Black Patriots were African Americans who sided with the colonists who opposed British rule during the American Revolution. The term "Black Patriots" includes, but is not limited to, the 5,000 or more African Americans who served in the Continental Army and Patriot militias during the American Revolutionary War.

Their counterparts on the pro-British side were known as Black Loyalists, African Americans who sided with the British during the American revolution. Thousands of American slaves escaped to British lines to take up their offers of freedom in exchange for military service as per Dunmore's Proclamation and the Philipsburg Proclamation.

First Patriot martyr

Crispus Attucks is considered to be the first Black Patriot because he was killed in the Boston Massacre. Attucks was commemorated by his fellow Bostonians as a martyr for freedom. Attucks was a whaler who was believed to be of mixed Native American and African ancestry, born in or around Framingham, Massachusetts. His death in the Boston Massacre is considered to be the first Patriot fatality of the war.

Black Patriots who served in the State Militias
The Bucks of America were an all-Black, Massachusetts Militia company organized in 1775 in Boston. This was the name given to one of two all-black units fighting for independence. There is little known of the campaign history of the Bucks company, or if they ever saw combat. It appears that they operated mainly around Boston. The Bucks of America may have acted primarily as an auxiliary police or security service, in the city, during the war. They most likely did not see action against British forces.

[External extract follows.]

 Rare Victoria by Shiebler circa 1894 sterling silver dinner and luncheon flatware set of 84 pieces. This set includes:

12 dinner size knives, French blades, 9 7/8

Black Patriots who served in the Continental Army
After the British started enticing African Americans to serve or assist their cause in exchange for emancipation, Patriot leaders began to recruit free people of color in New England and other East Coast regions to serve in the Continental Army. They were promised a life of relative luxury and social mobility if they joined the war. Slaves in the American North were trying to escape the harsh treatment of the enslaved under American slavery. By joining the war, they believed they would be bettering their lives. Most of the time, Black Patriot soldiers served as individuals in a variety of predominantly white units of the Continental Army.

The 1st Rhode Island Regiment, also known as "Varnum's Continentals", was a Continental Army regiment from Rhode Island. It became well known as the "Black Regiment" because, for a time, it had several companies of African-American soldiers.  It is regarded as the first African-American military regiment, although its ranks were not exclusively African American.

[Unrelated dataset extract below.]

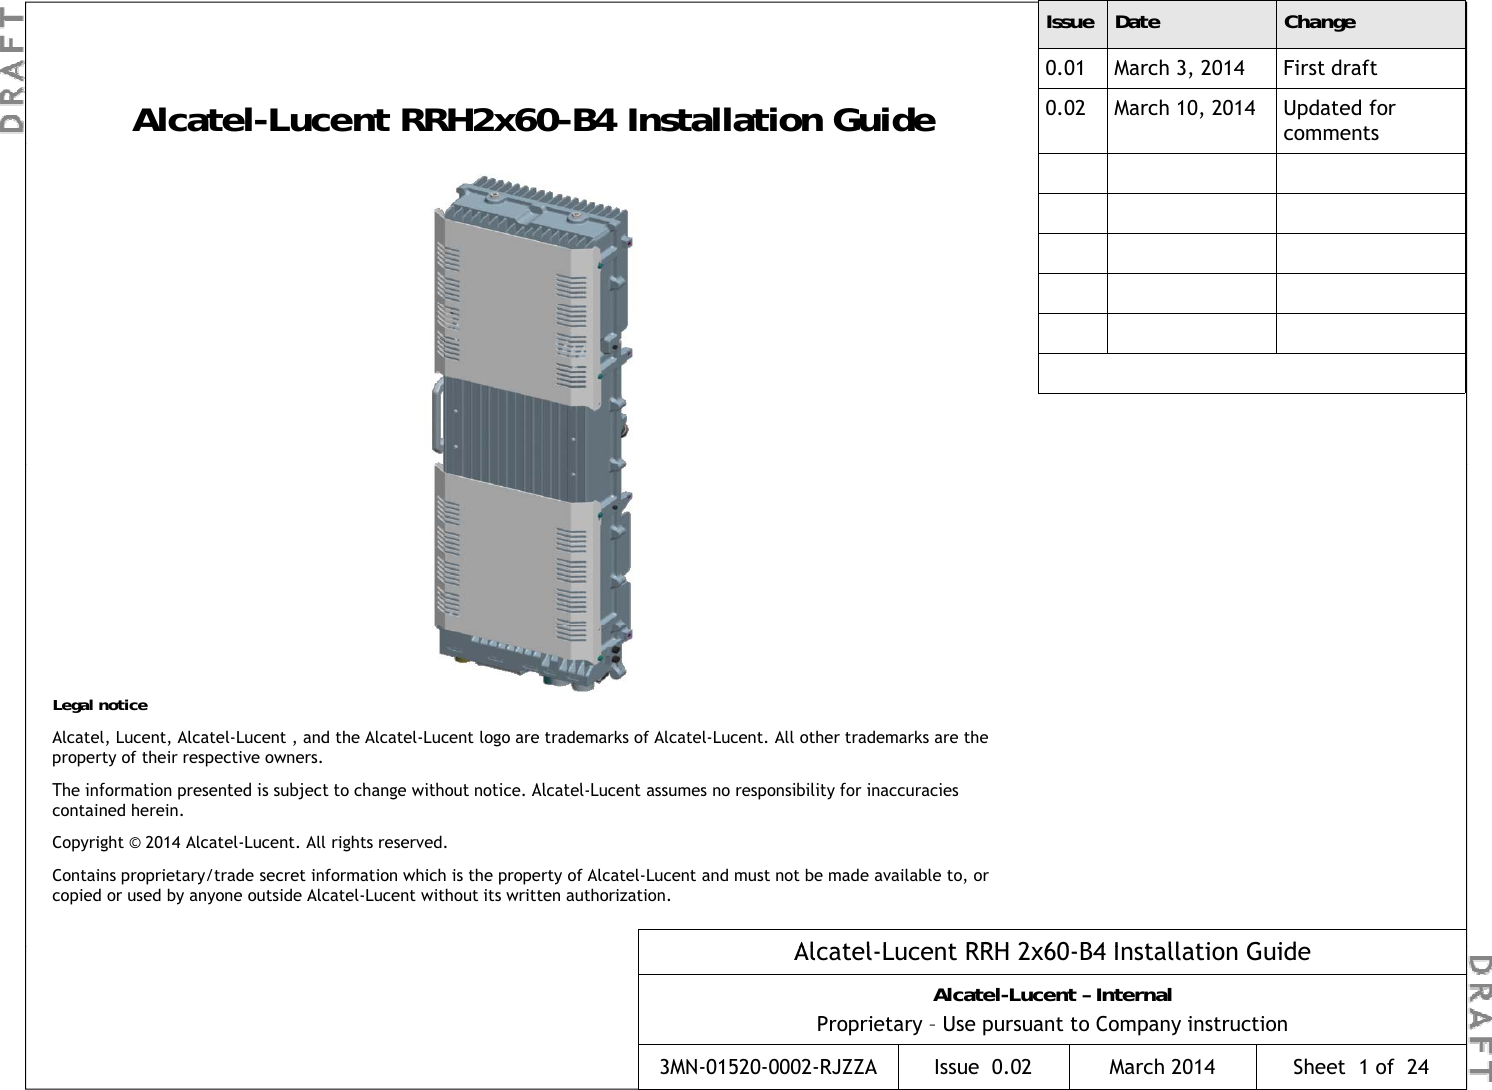 Alcatel-Lucent RRH2x60-B4 Installation GuideIssue Date Change0.01 March 3, 2014 First draft0.02 March 10, 2014 Updated for commentsLegal noticeAlcatel, Lucent, Alcatel-Lucent , and the Alcatel-Lucent logo are trademarks of Alcatel-Lucent. All other trademarks are the property of their respective owners.Th  i f ti   t d i   bj t t   h   ith t  ti  Al t lL t   ibilit  f  ii Al t lL t RRH 2 60B4 I t ll ti  G idThe information presented is subject to change without notice. Alcatel-Lucent assumes no responsibility for inaccuracies contained herein.Copyright © 2014 Alcatel-Lucent. All rights reserved.Contains proprietary/trade secret information which is the property of Alcatel-Lucent and must not be made available to, or copied or used by anyone outside Alcatel-Lucent without its written authorization.Alcatel-Lucent RRH 2x60-B4Alcatel-Lucent – InternalProprietary – Use pursuant to Company instruction3MN-01520-0002-RJZZA Issue 0.02 March 2014CAlcatel-Lucent RRH 2x60-B4 Installation GuideAlcatel-Lucent – InternalProprietary – Use pursuant to Company instruction3MN-01520-0002-RJZZA Issue  0.02 March 2014 Sheet  1 of  24
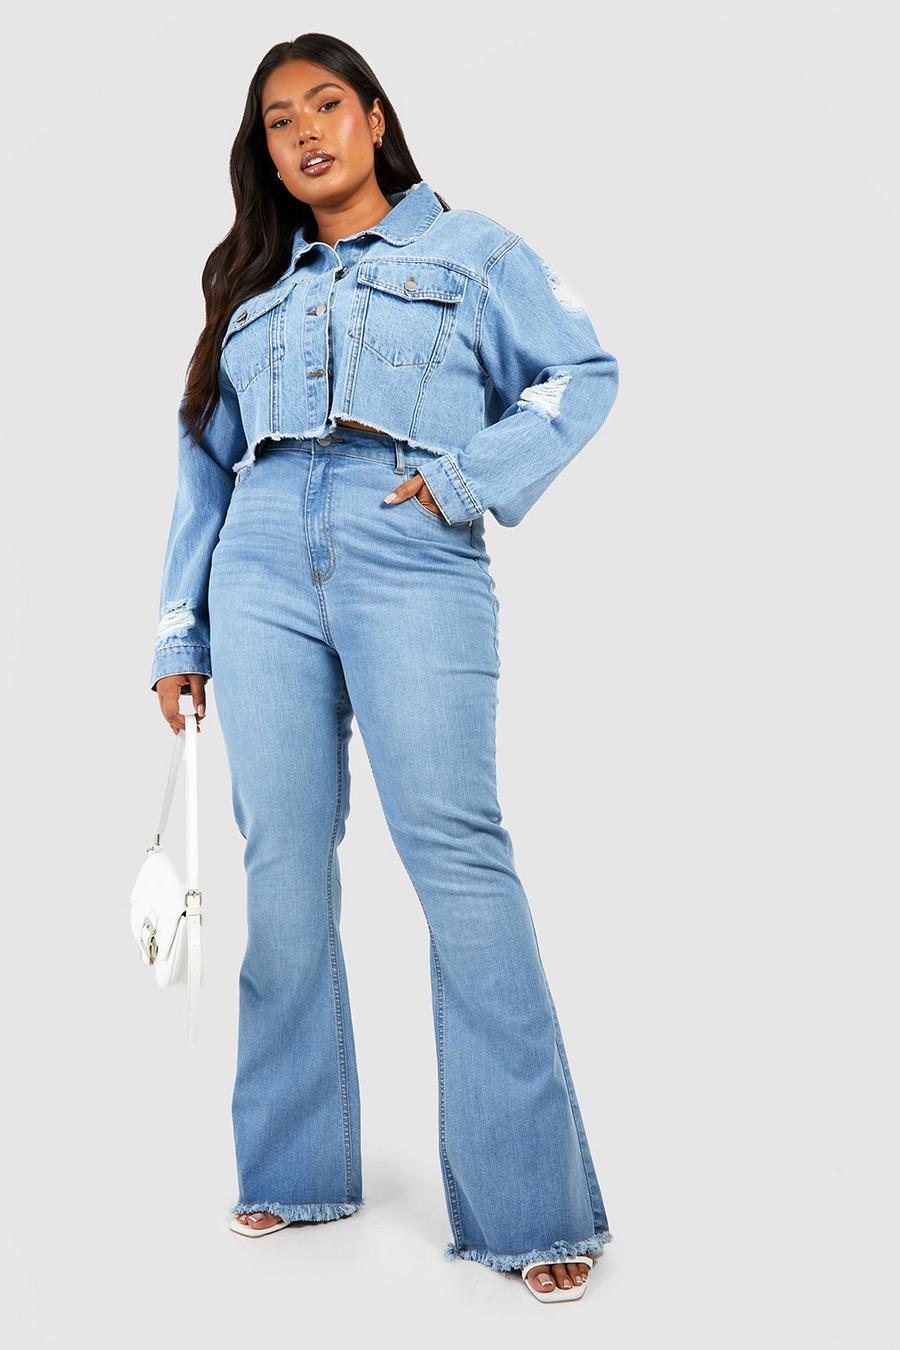 Flare Jeans Women Denim Pants High Waisted Slit Leg Vintage Streetwear Bell  Bottom Fashion Clothes Cut Out Full Length Traf

Captain David Humphreys' All Black, 2nd Company, of the Connecticut Continental Line, served from October 1780-November 1782.  On November 27, 1780, Humphrey's Black Company was assigned to the 3rd Connecticut Regiment. On January 1, 1781, the Regiment was merged with the 4th Connecticut Regiment, re-organized into nine companies, and re-designated as the 1st Connecticut Regiment.

William "Billy" Lee was an enslaved valet of George Washington who served in the Continental Army and fought with the general's forces. Lee was considered to be Washington's favorite slave, and was often featured in the background of the general's portraits.

Descendants
Famed African American, Harvard scholar and professor Henry Louis Gates is descended from John Redman, a Free Black Man who served in the Continental Army. Gates is currently working on a project to find all descendants of Black Patriots, who served in the American Revolutionary Continental Army.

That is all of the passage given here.